Data section —
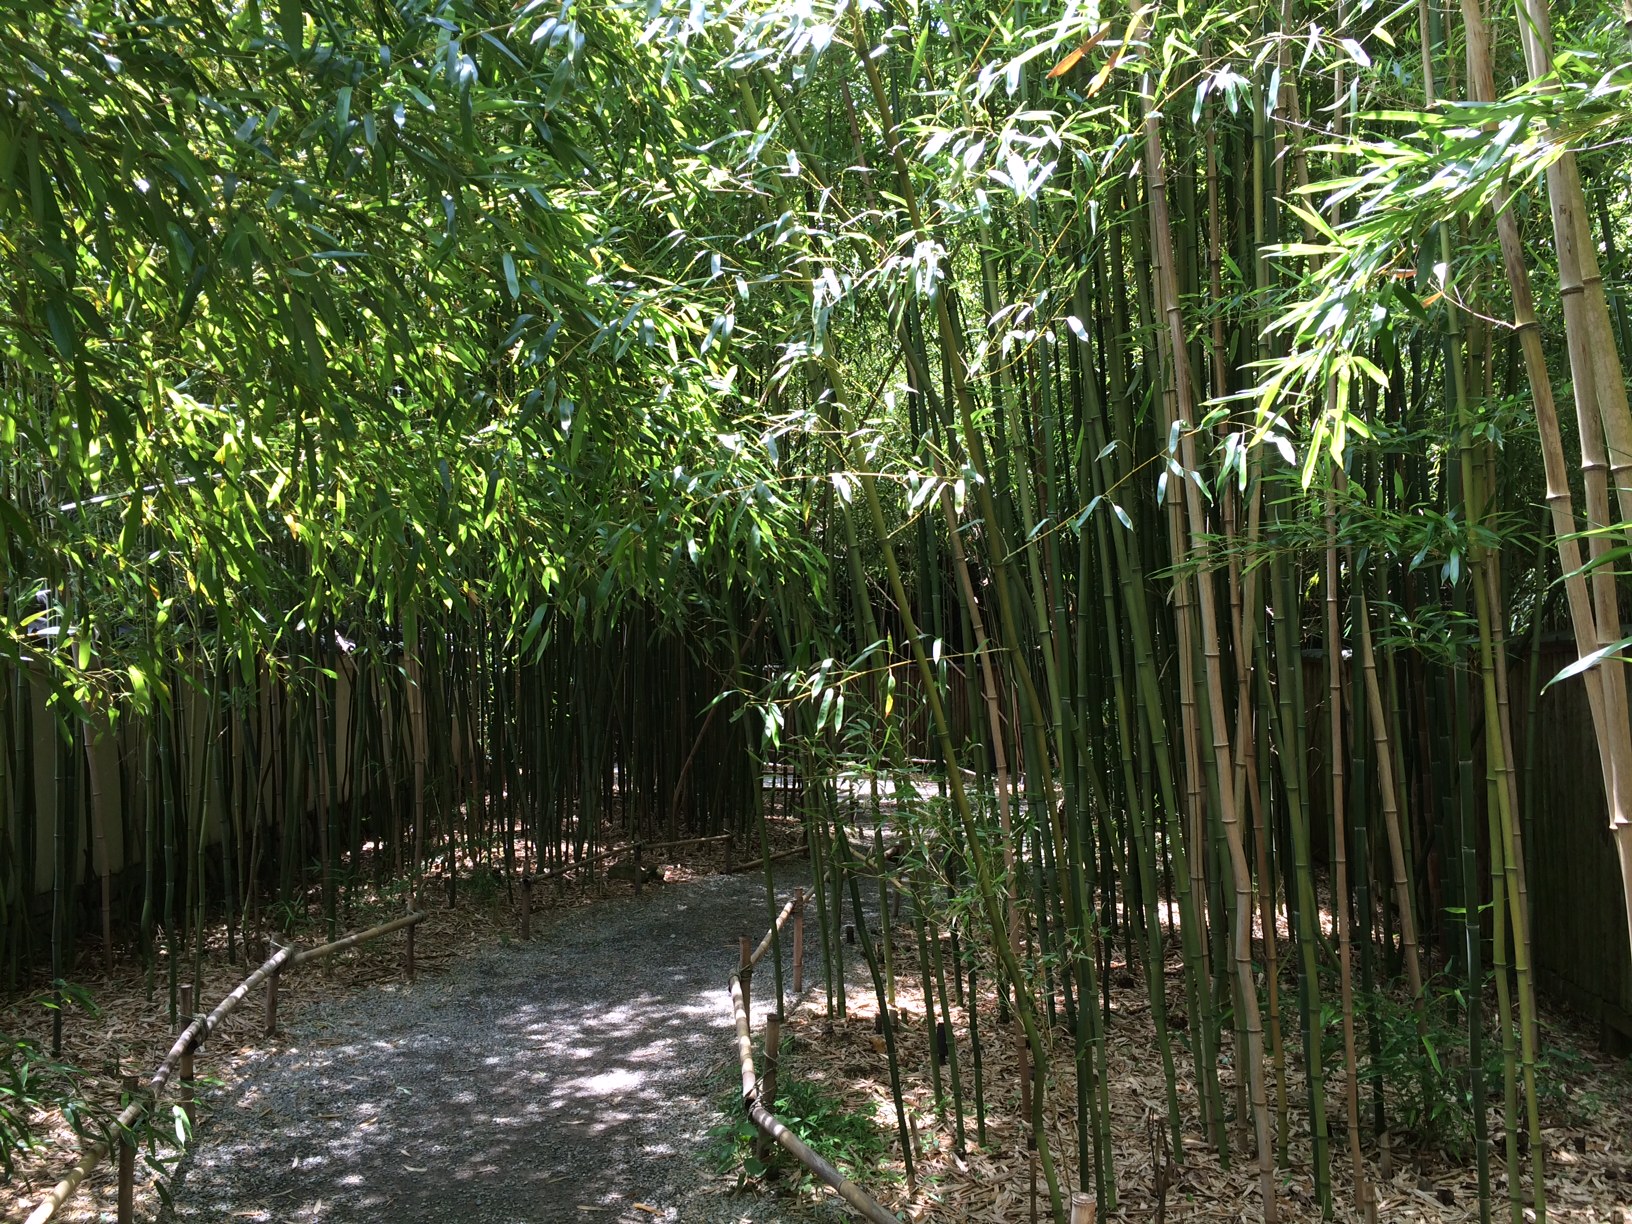 Bamboo forest at Cheekwood Botanical Garden
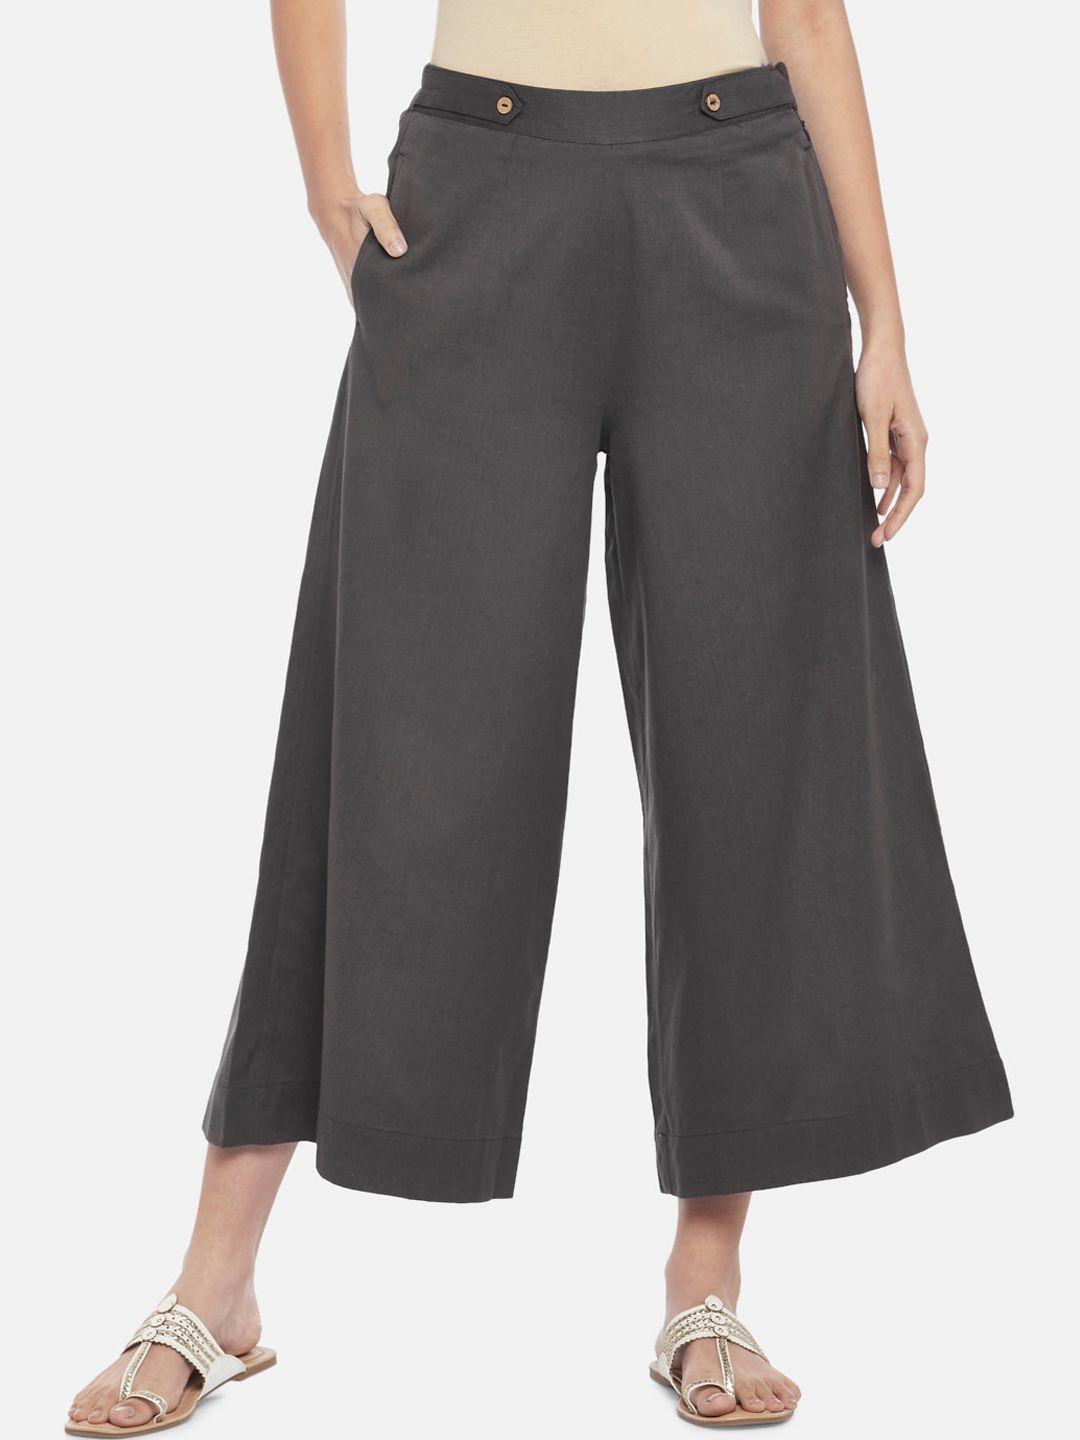 akkriti by pantaloons women grey culottes trousers
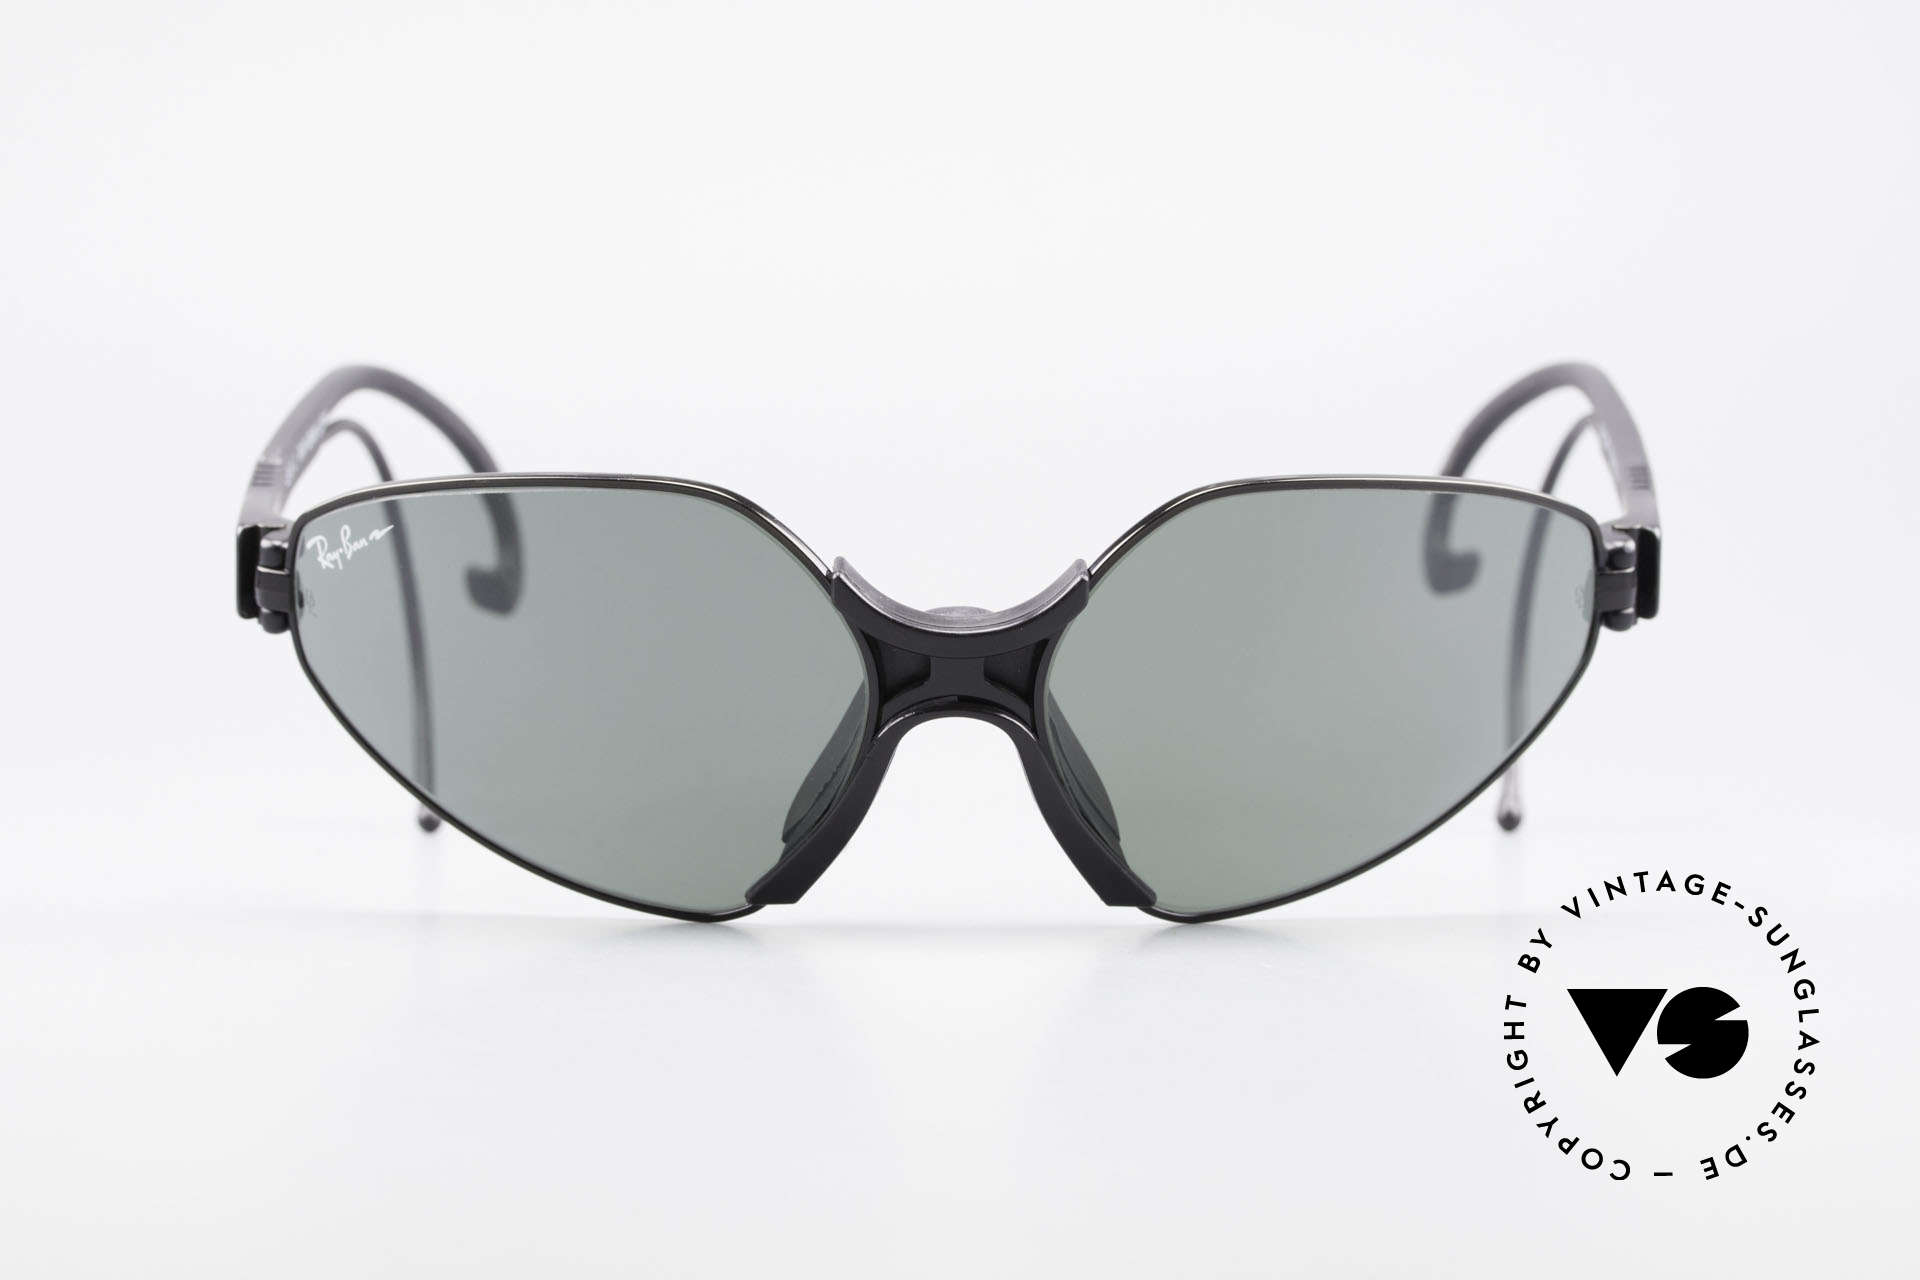 Sunglasses Ray Ban Sport Series 1 G20

To do — An exact, word-for-word version of the material is required, free of pictures.

The completed task —
 Bamboo forest at Cheekwood Botanical Garden
 akkriti by pantaloons women grey culottes trousers
 Sunglasses Ray Ban Sport Series 1 G20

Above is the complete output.